President Donald J. Trump’s Department of Justice (DOJ) has issued subpoenas to two New York City hotels that were converted into aid centers and shelters for illegal immigrants. The subpoenas order the infamous Roosevelt Hotel and the Stewart Hotel to provide federal prosecutors with the names of individuals, contractors, and other entities that oversaw the “funding and management of the illegal immigrant/migrant shelter program.” Additionally, the DOJ is seeking the names and other identifying information of the individuals who stayed at both hotels.

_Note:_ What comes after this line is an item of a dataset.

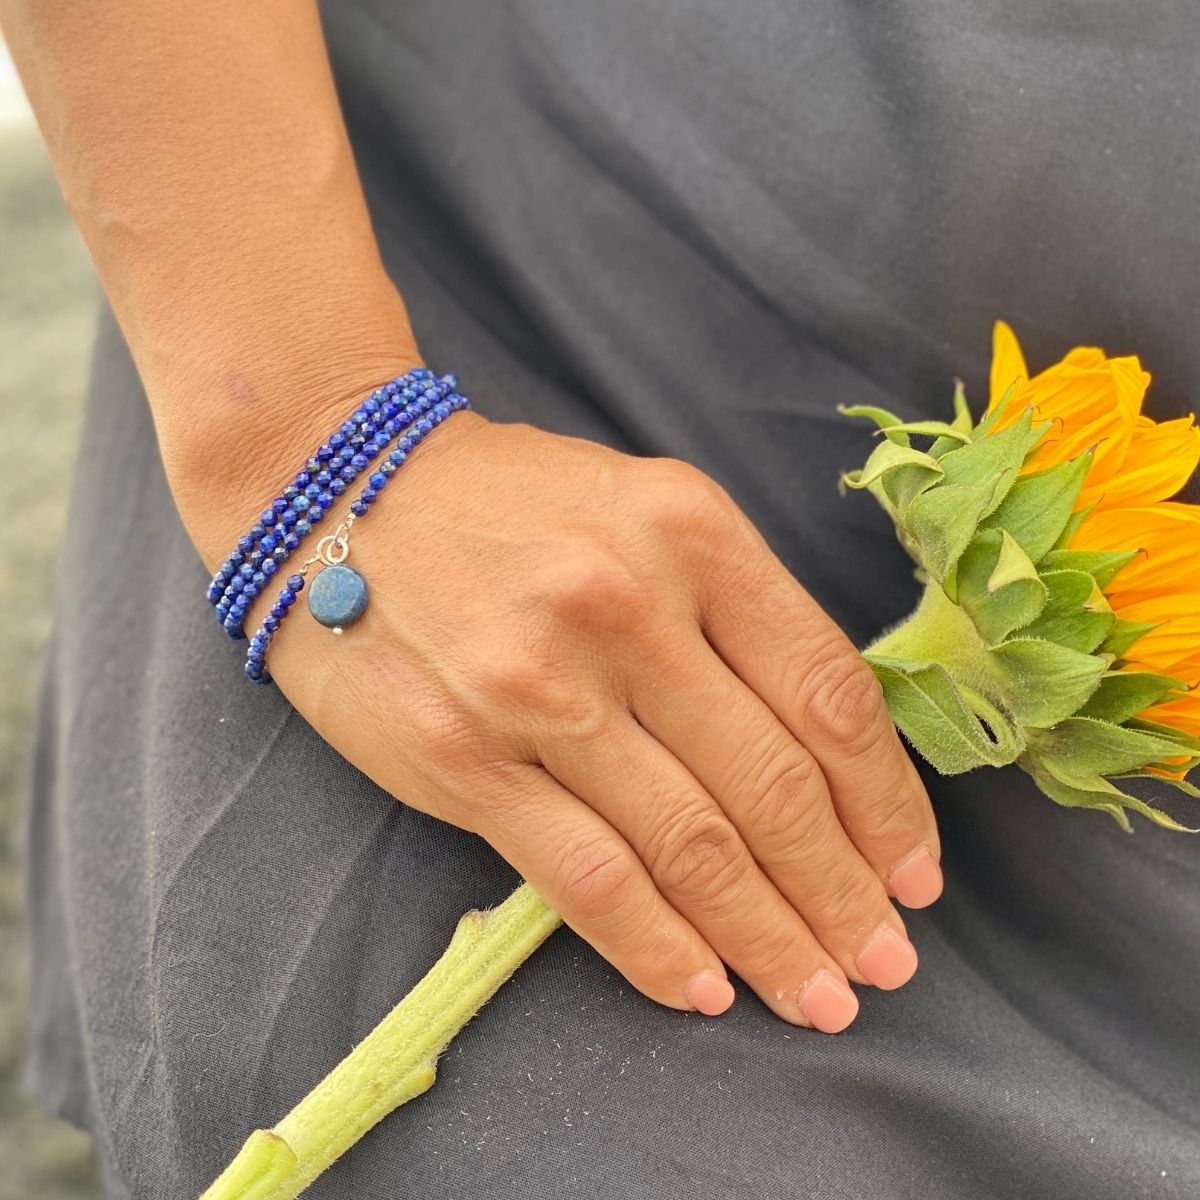 The Lapis Lazuli Meditation Necklace, Wrap Bracelet and Earring Set combines natural beauty with spiritual significance.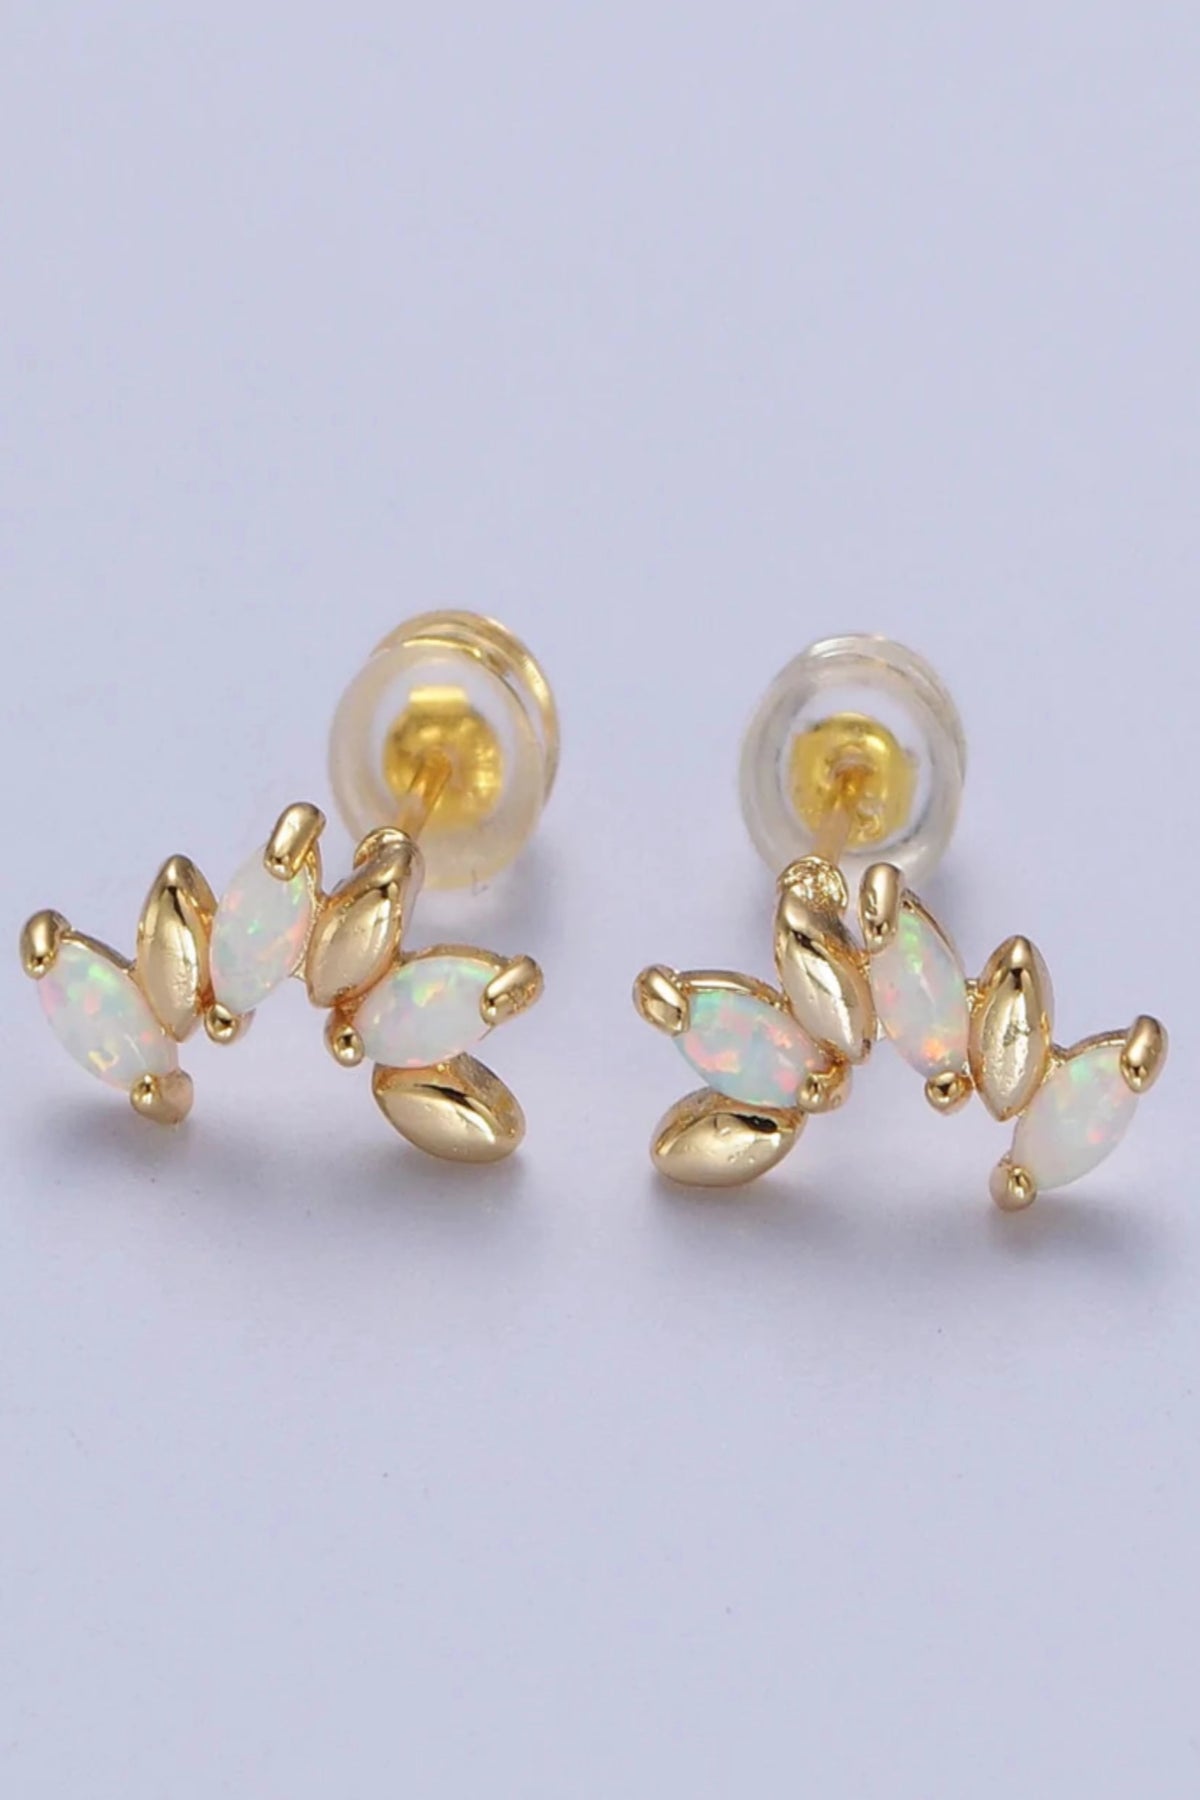 &quot;Gold filled marquise patterned studs with alternating gold and opal marquise shapes.&quot;

In addition to the Roosevelt Hotel and the Stewart Hotel, the Hotel Chandler also received a DOJ subpoena. While the Hotel Chandler is being operated ostensibly as a homeless shelter, it appears federal prosecutors believe the facility has either housed illegal immigrants in the past or is connected financially to the other two hotels.
The DOJ investigation is centered on suspected violations of federal immigration law and is explicitly directed at the hotels and their operators rather than New York City government officials. Since its conversion to an aid center and shelter in May 2023, the Roosevelt Hotel alone has processed 173,000 illegal immigrants. In exchange for serving as a shelter, the New York City government agreed to pay up to $220 million to the hotel, which is owned by the Pakistani government, as part of a larger financial arrangement involving an International Monetary Fund (IMF) bailout package.
Currently, the city provides shelter and assistance to around 45,000 illegal immigrants—down from a peak of around 70,000 in January last year. Notably, Mayor Eric Adams testified before Congress that his city has spent nearly $7 billion on housing and feeding an estimated 232,000 illegal immigrants since 2022.
The National Pulse reported in late February that Adams announced that the city is moving to shut down the Roosevelt Hotel shelter facility.